I was given this series:
Let $q \in \mathbb{C}, \mid q\mid <1. $
$$\frac{1}{2}\sum_{n=0}^{\infty} (n^2 +3n +2)q^n $$
Now I have to show that
$$\frac{1}{(1-q)^3}=\frac{1}{2}\sum_{n=0}^{\infty} (n^2 +3n +2)q^n$$
and proof whether or not this series converges absolutely.
For the convergence I guess I have to use one of the many convergence criteria and for the equality I have no clue how to even start.

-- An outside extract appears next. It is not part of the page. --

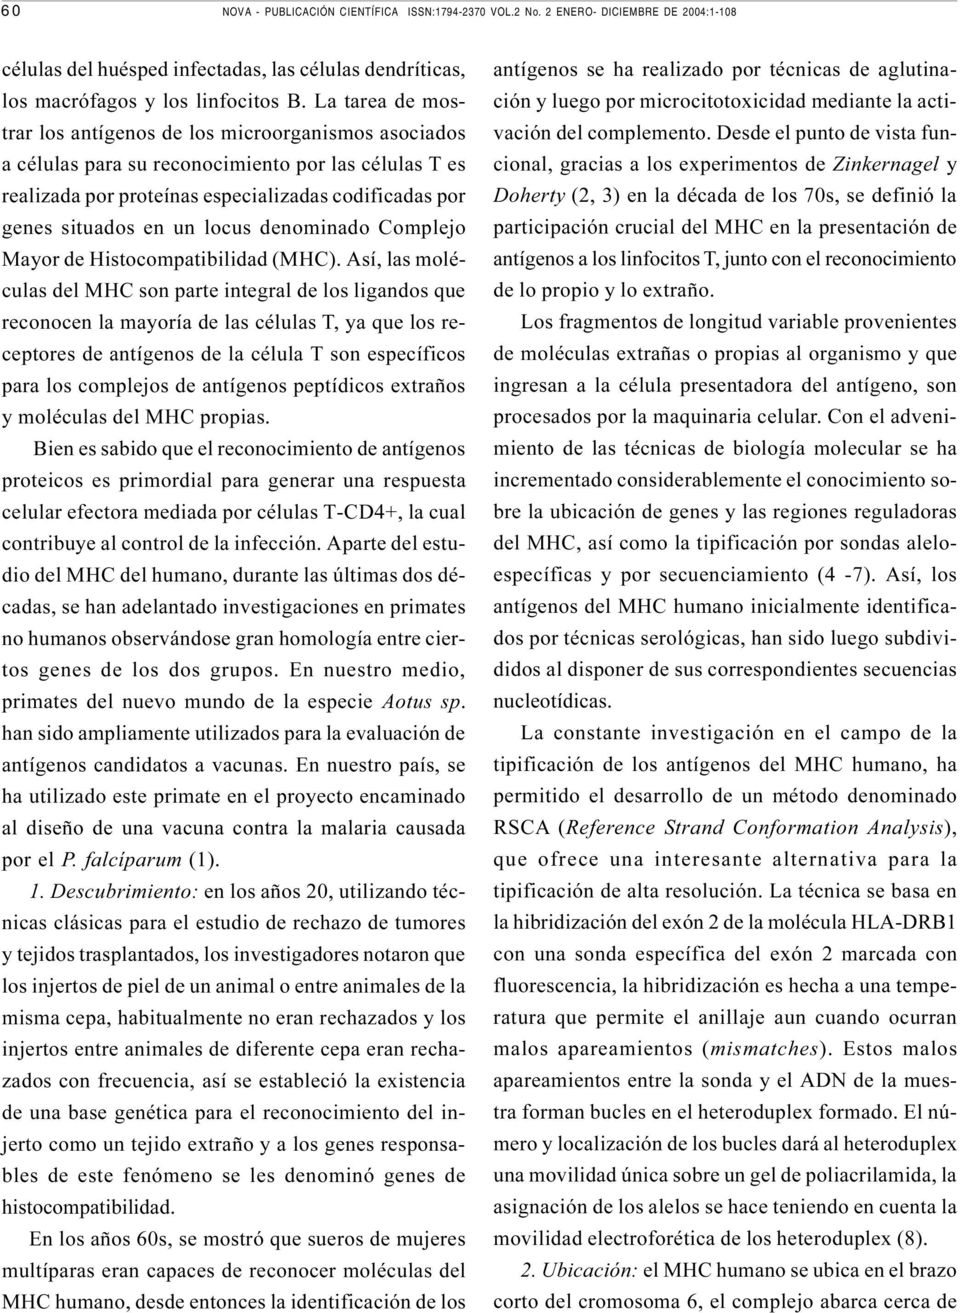 locus denominado Complejo Mayor de Histocompatibilidad (MHC).

Since$$\frac1{1-q}=1+q+q^2+q^3+\cdots,$$you have, by the Cauchy product,$$\begin{align}\frac1{(1-q)^2}&=\frac1{1-q}\times\frac1{1-q}\\&=\left(1+q+q^2+q^3+\cdots\right)\times\left(1+q+q^2+q^3+\cdots\right)\\&=1+2q+3q^2+4q^3+\cdots\\&=\sum_{n=0}^\infty(n+1)q^n.\end{align}$$Now, in order to prove what you want to prove, apply the same idea to the equality$$\frac1{(1-q)^3}=\frac1{1-q}\times\frac1{(1-q)^2}$$and use the fact that$$(n+1)+n+(n-1)+\cdots+1=\frac{(n+1)(n+2)}2=\frac{n^2+3n+2}2.$$